→ Work required:
Exactly as written, output each of the lines below, with no images.

=== Given material ===

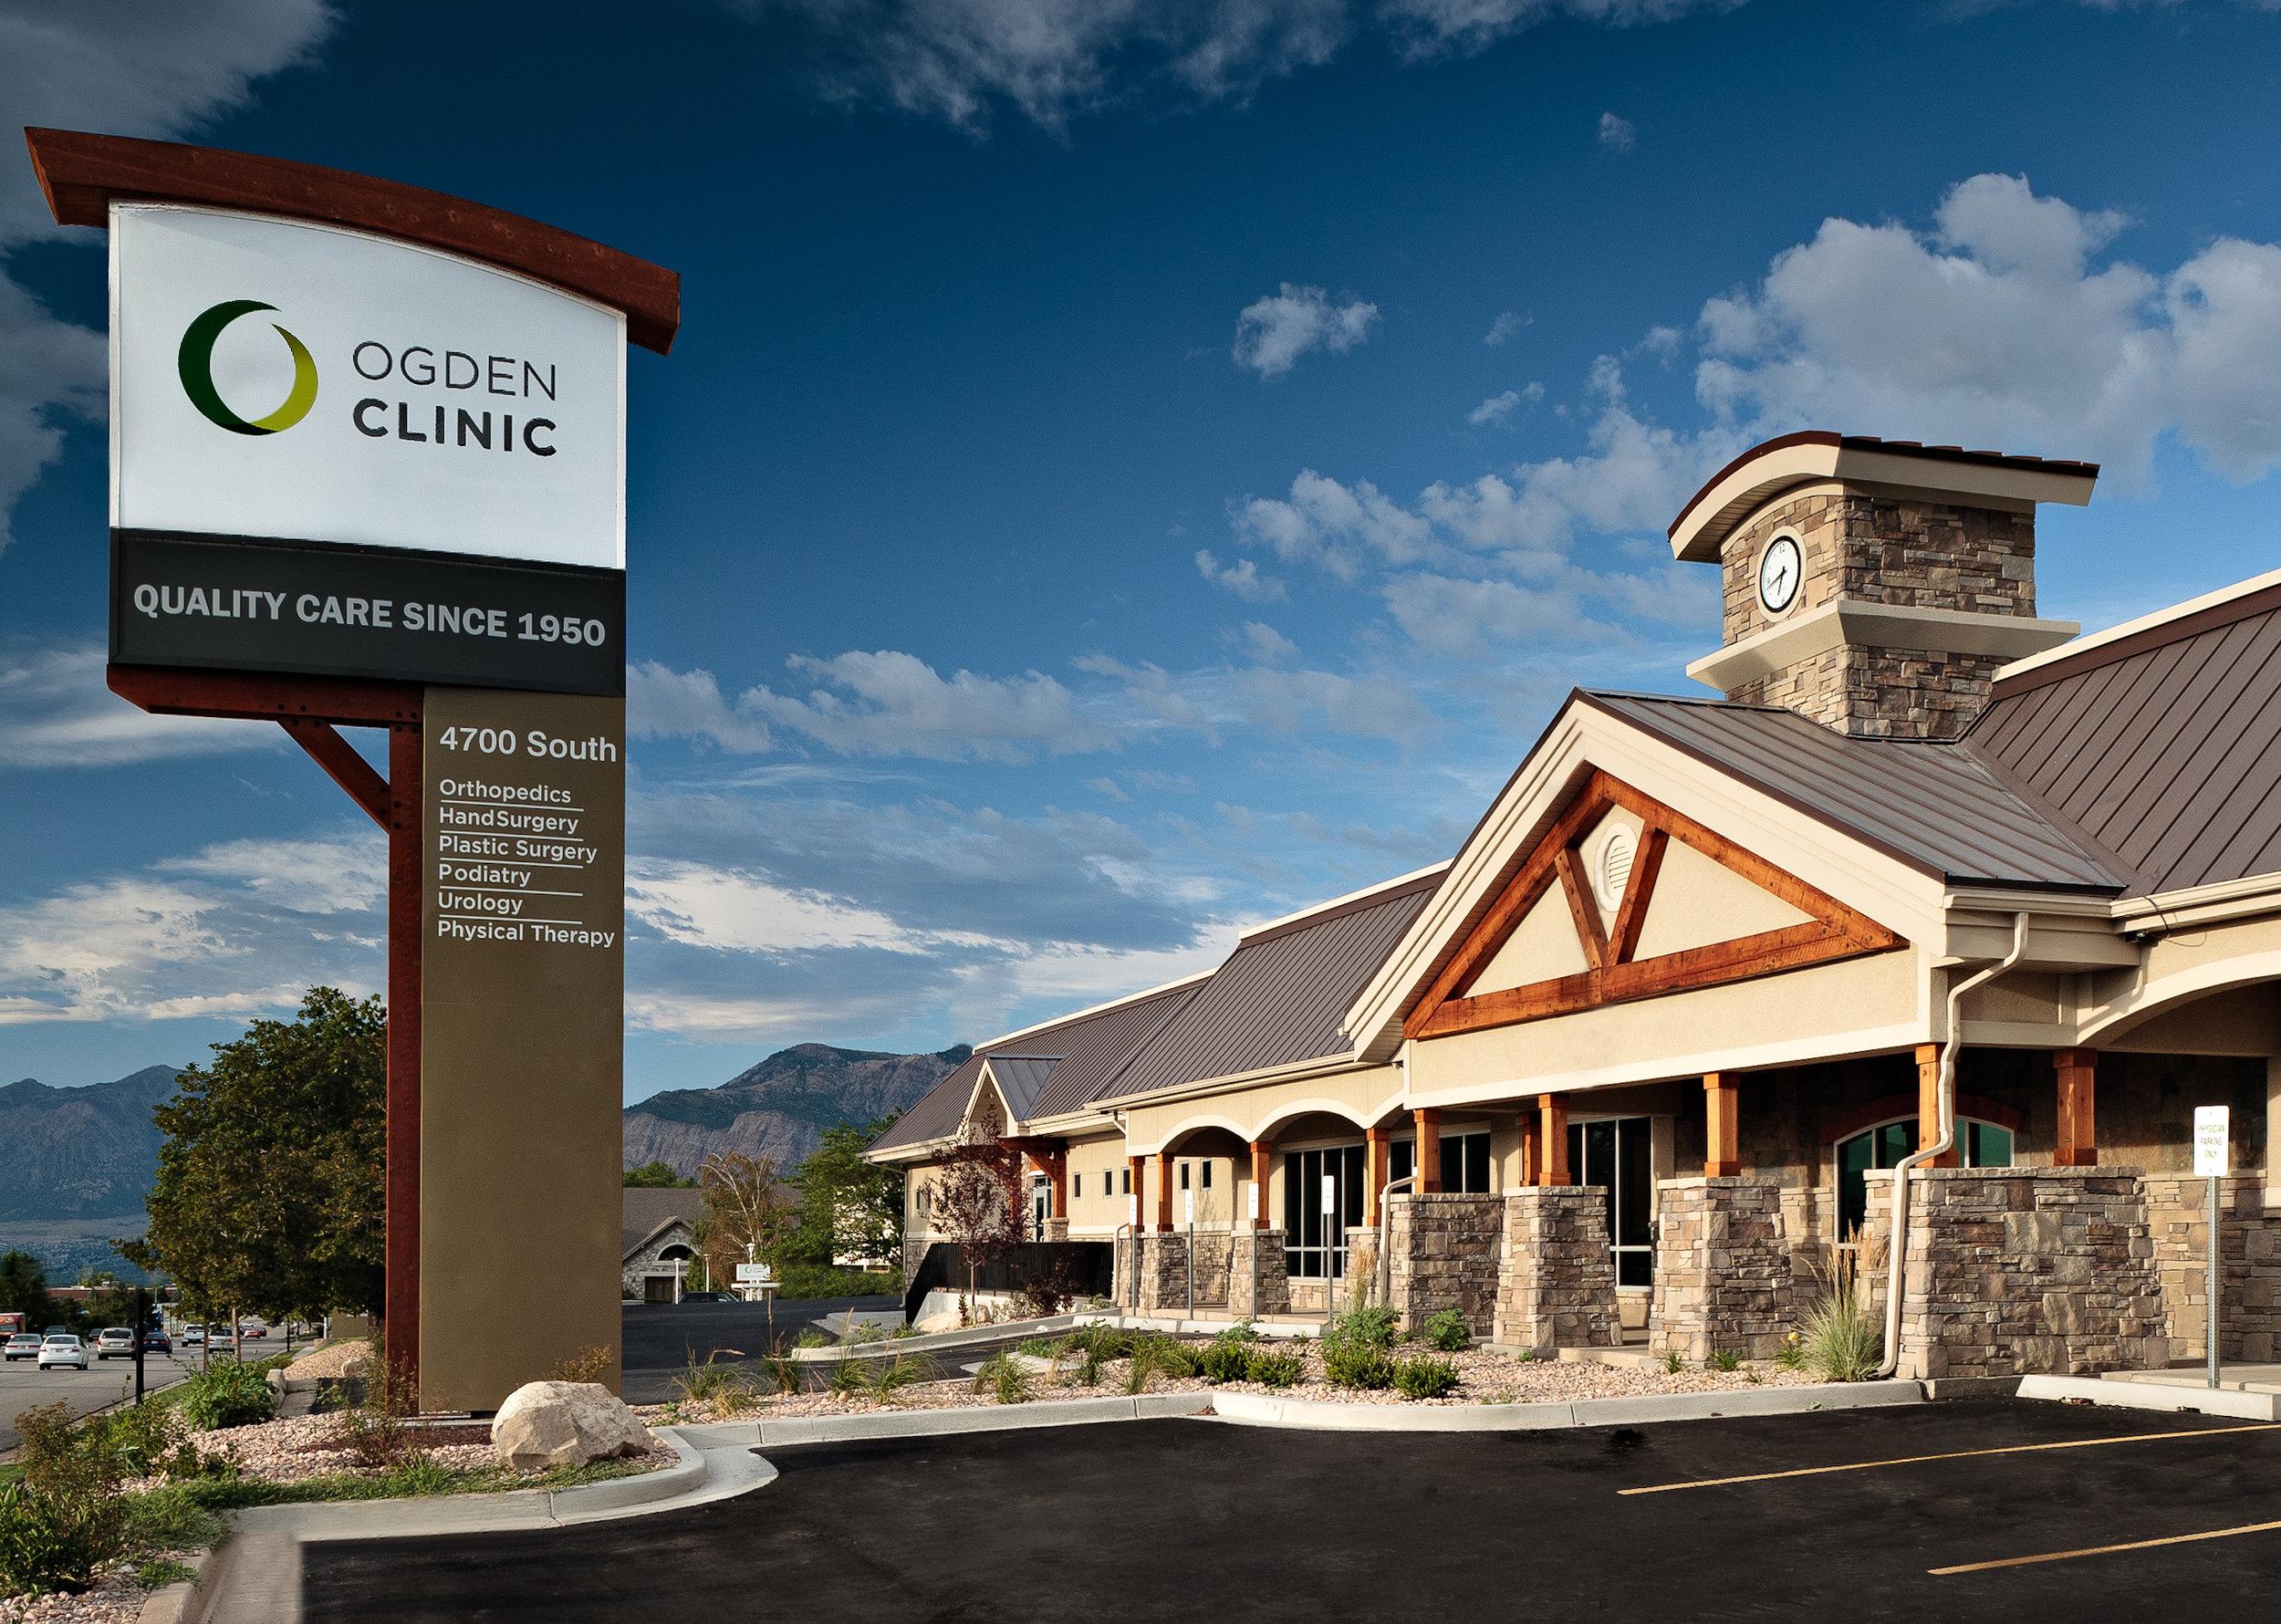 Ogden Clinic2.jpg
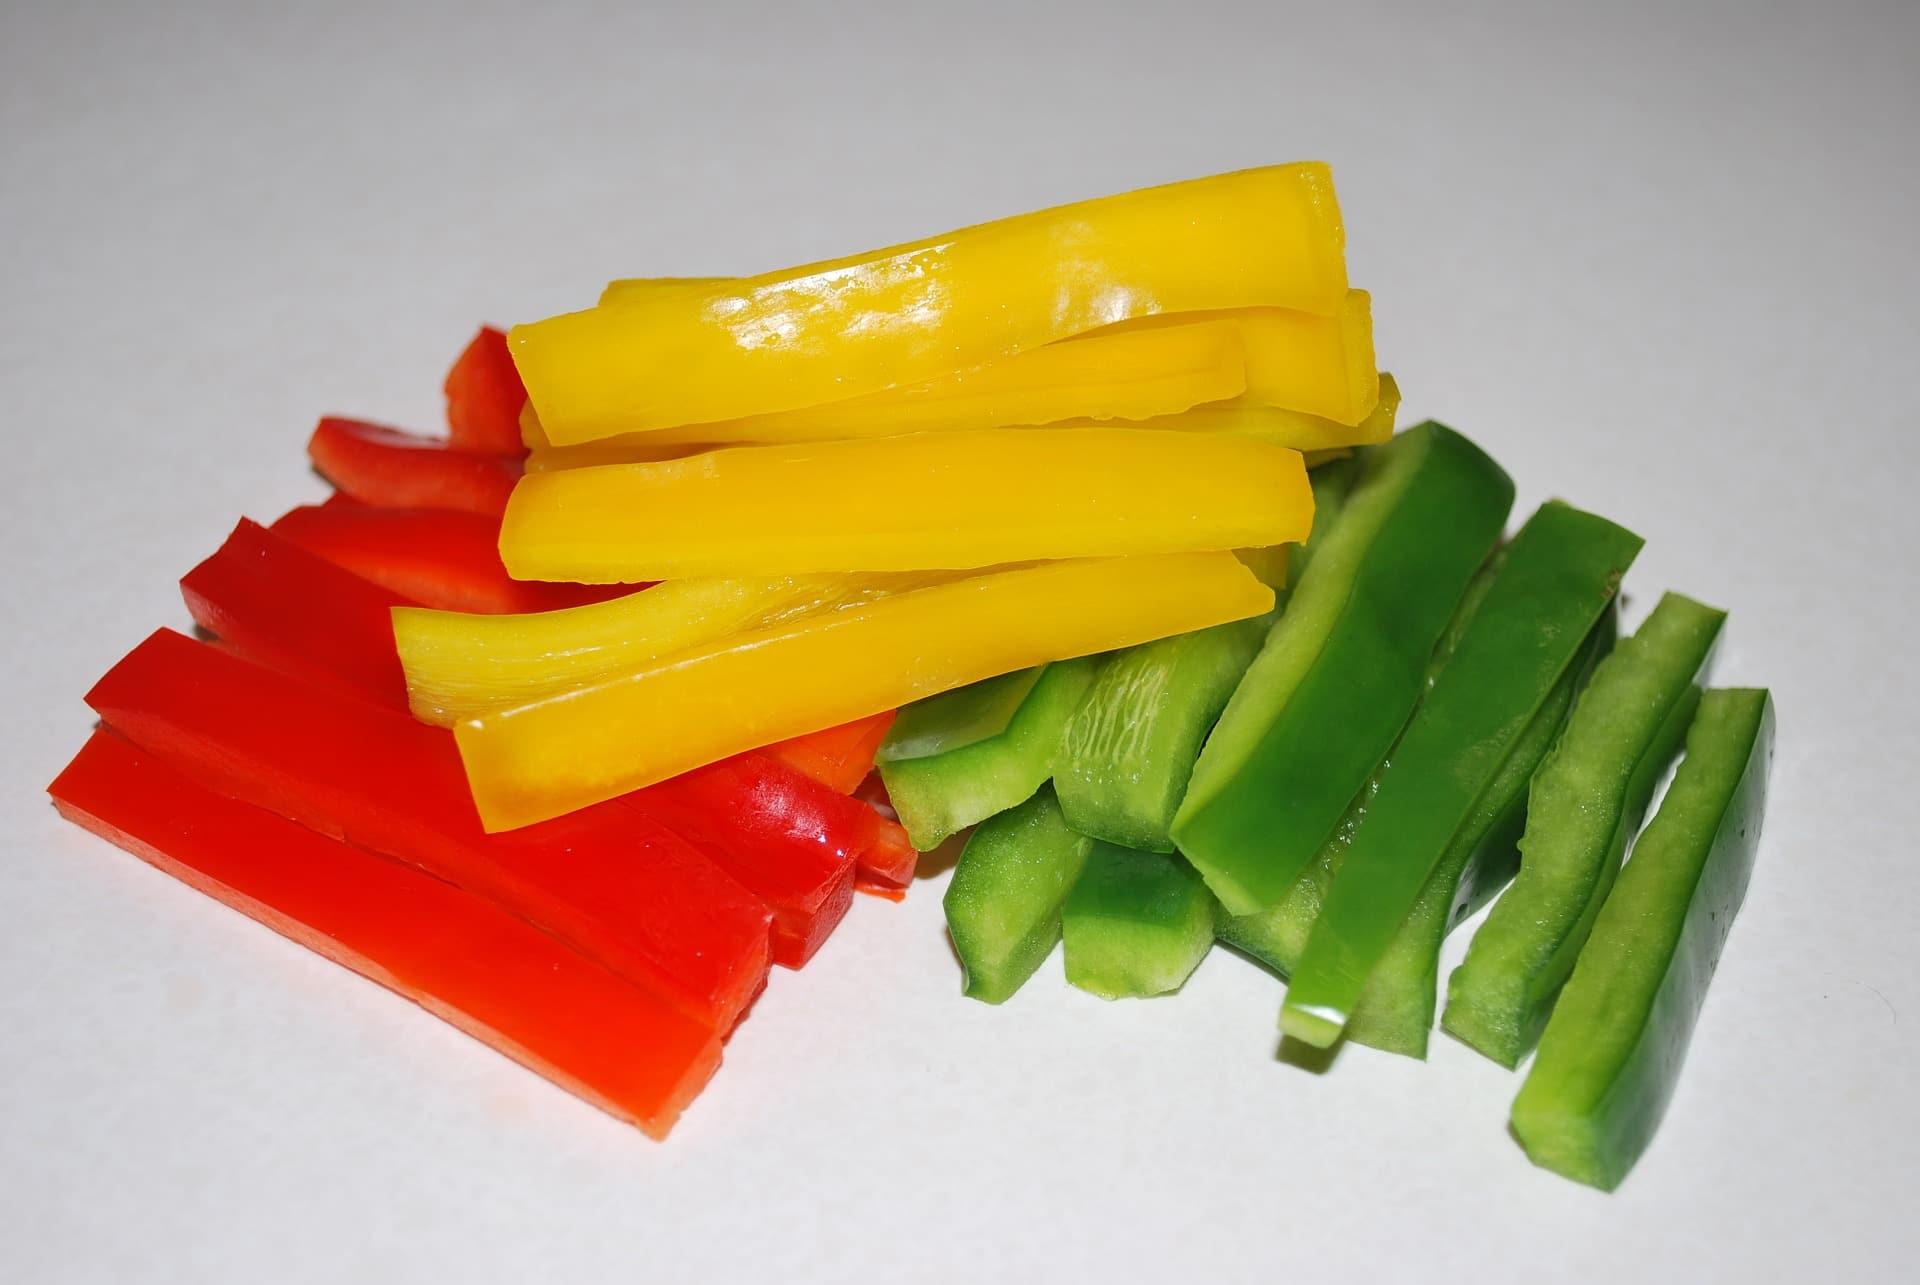 Papriku pokrájejte na hranolky a servírujte s oblíbeným dipem / foto: pixabay.com
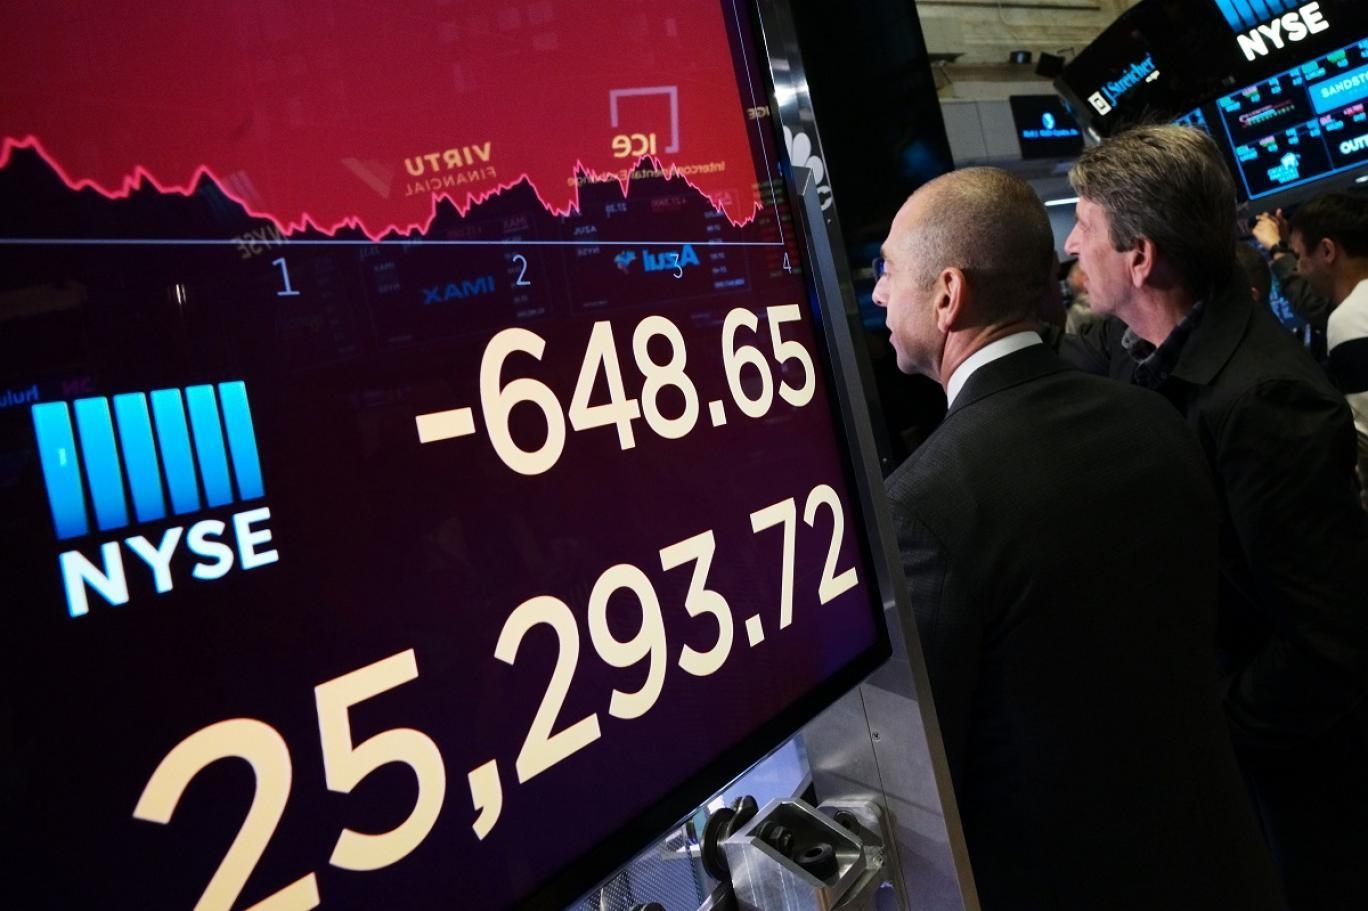 البورصة الأميركية تحت قصف الخسائر على وقع الحرب التجارية بين واشنطن وبكين

===

→ Solution for this problem:
 Ogden Clinic2.jpg
 Papriku pokrájejte na hranolky a servírujte s oblíbeným dipem / foto: pixabay.com
 البورصة الأميركية تحت قصف الخسائر على وقع الحرب التجارية بين واشنطن وبكين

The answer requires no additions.